I am copying multiple parquet files between cross account s3 buckets. When I am copying them to the destination bucket I want to rename the files.
import boto3
s3_client = boto3.client('s3')
s3_resource = boto3.resource('s3')
bucket = 'sourcebucket'
folder_path = 'source_folder/'
resp = s3_client.list_objects(Bucket=bucket, Prefix=folder_path)
keys = []
for obj in resp['Contents']:
keys.append(obj['Key'])
for key in keys:
copy_source ={
'Bucket': 'sourcebucket',
'Key': key
}
file_name = key.split('/')[-1]
s3_file = 'dest_folder/'+'xyz'+file_name
bucketdest = s3_resource.Bucket('destinationbucket')
bucketdest.copy(copy_source,s3_file,ExtraArgs={'GrantFullControl':'id = " "'})
This is what I have tried.
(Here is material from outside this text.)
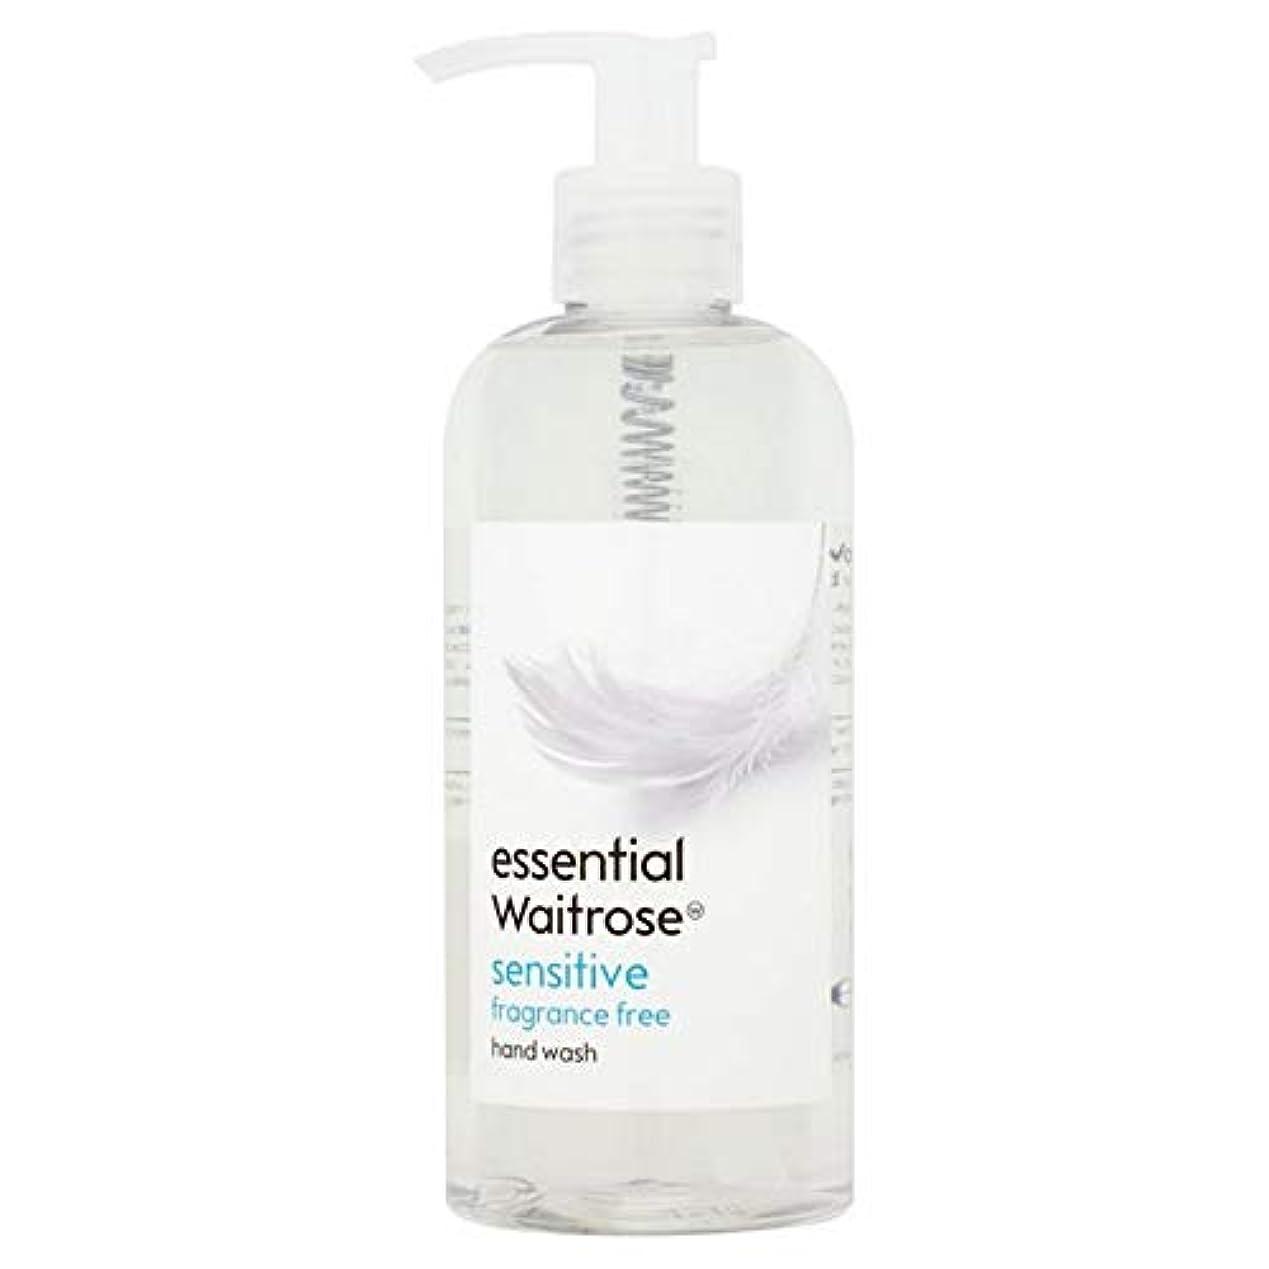 コメントチート抗生物質[Waitrose ] 基本的なウェイトローズのハンドウォッシュ敏感な300ミリリットル - Essential Waitrose Hand Wash Sensitive 300ml [並行輸入品]

I can see the files in my destination bucket with the new name but they have no actual data.
Thanks!
Your code is working perfectly fine for me! (However, I ran it without the ExtraArgs
since I didn't have an ID.)
When I copy objects between buckets, the rules I use are:
ExtraArgs={'ACL':'bucket-owner-full-control'}
I doubt this small change would have impacted the contents of the your objects.
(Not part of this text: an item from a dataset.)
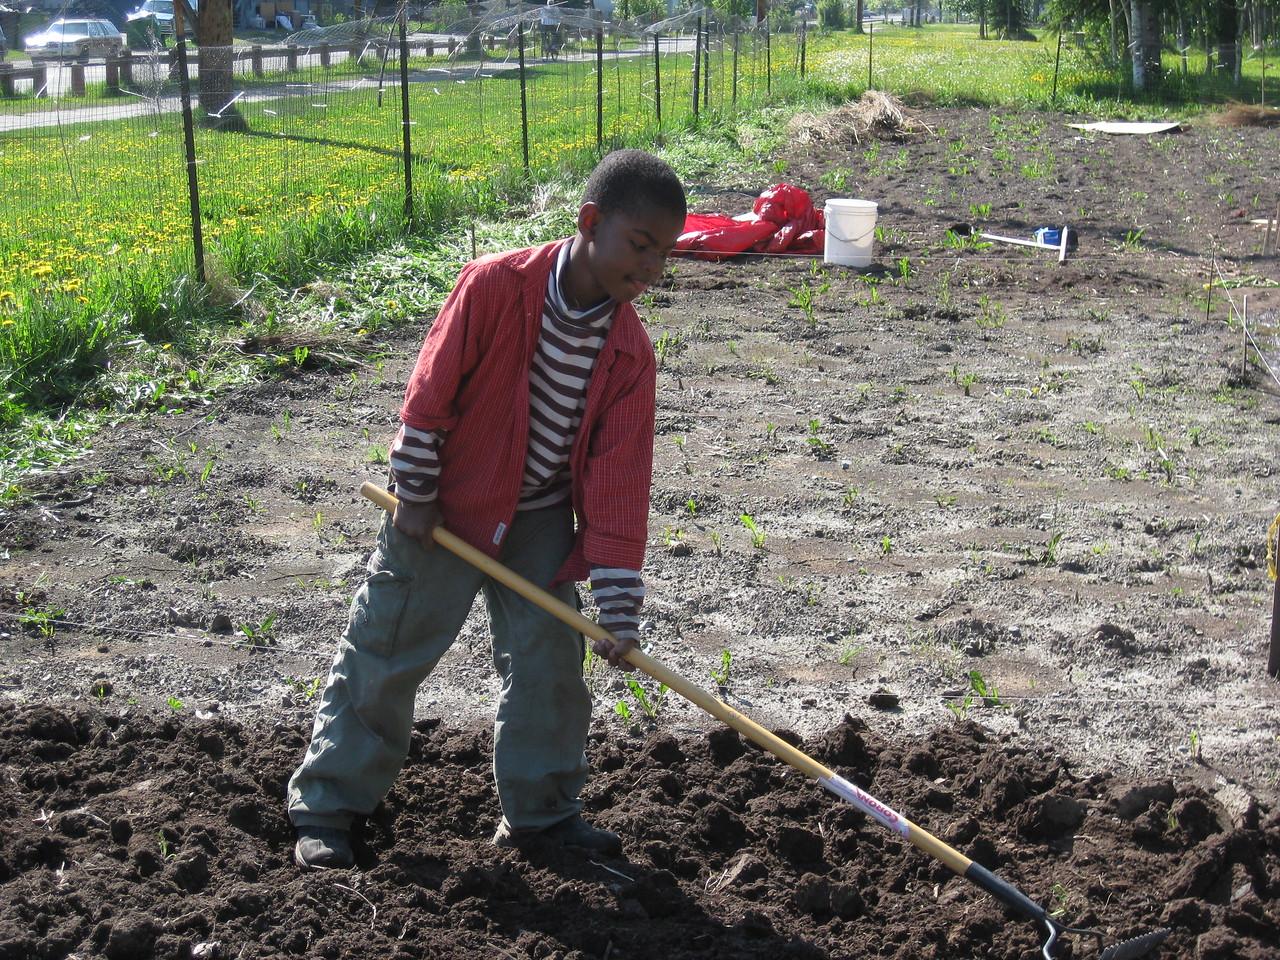 Refugee boy raking in the Anchorage Community Garden.

By the way, it might be a good idea to use either Client methods or Resource methods. Mixing them can lead to confusion in code and potential problems.
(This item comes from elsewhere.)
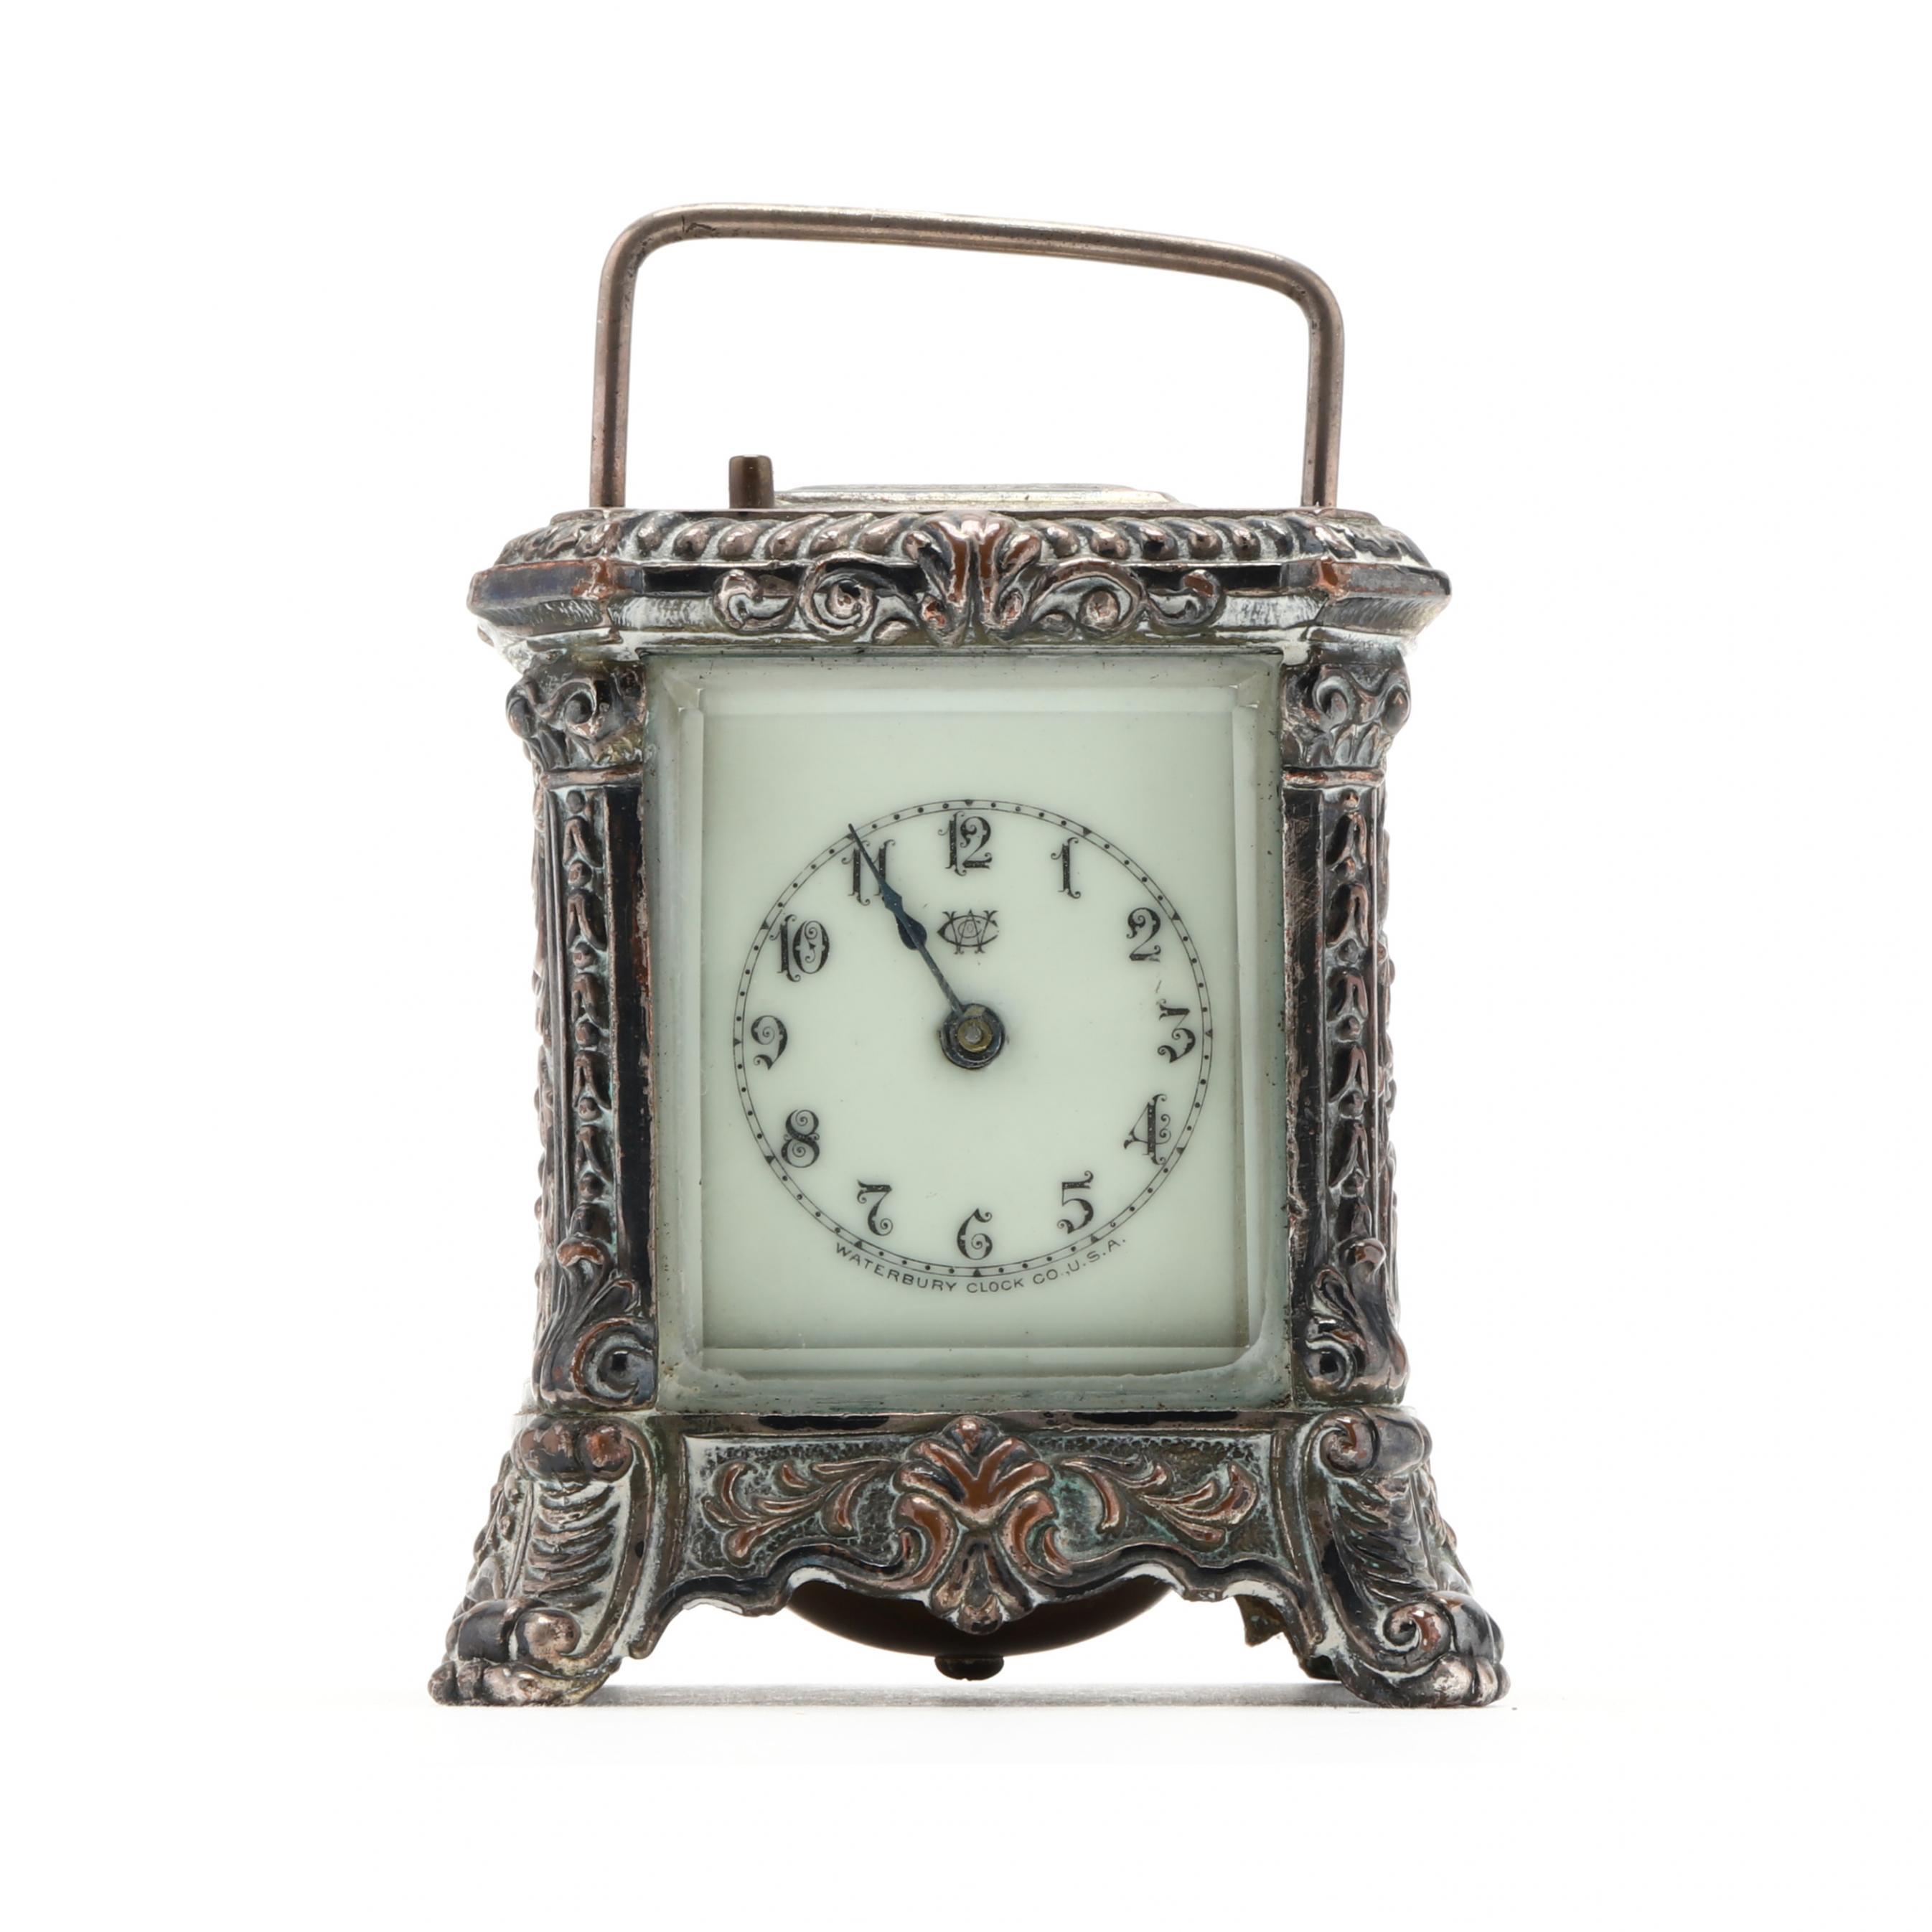 waterbury-silverplate-carriage-clock

So, you could use something like:
Client method:
response = s3_client.list_objects(Bucket=bucket, Prefix=source_prefix)
for object in response['Contents']:
copy_source ={
'Bucket': source_bucket,
'Key': object['Key']
}
s3_client.copy_object(
Bucket = target_bucket,
Key = 'dest_folder/' + 'xyz' + key.split('/')[-1],
CopySource = copy_source,
ACL = 'bucket-owner-full-control'
)
or you could use:
Resource method:
for object in s3_resource.Bucket(source_bucket).objects.Filter(Prefix=source_prefix):
copy_source ={
'Bucket': source_bucket,
'Key': object.key
}
s3_resource.Bucket(target_bucket).copy(
CopySource = copy_source,
Key = 'dest_folder/' + 'xyz' + key.split('/')[-1],
ExtraArgs={'ACL':'bucket-owner-full-control'}
)
(Warning: I didn't test those snippets.)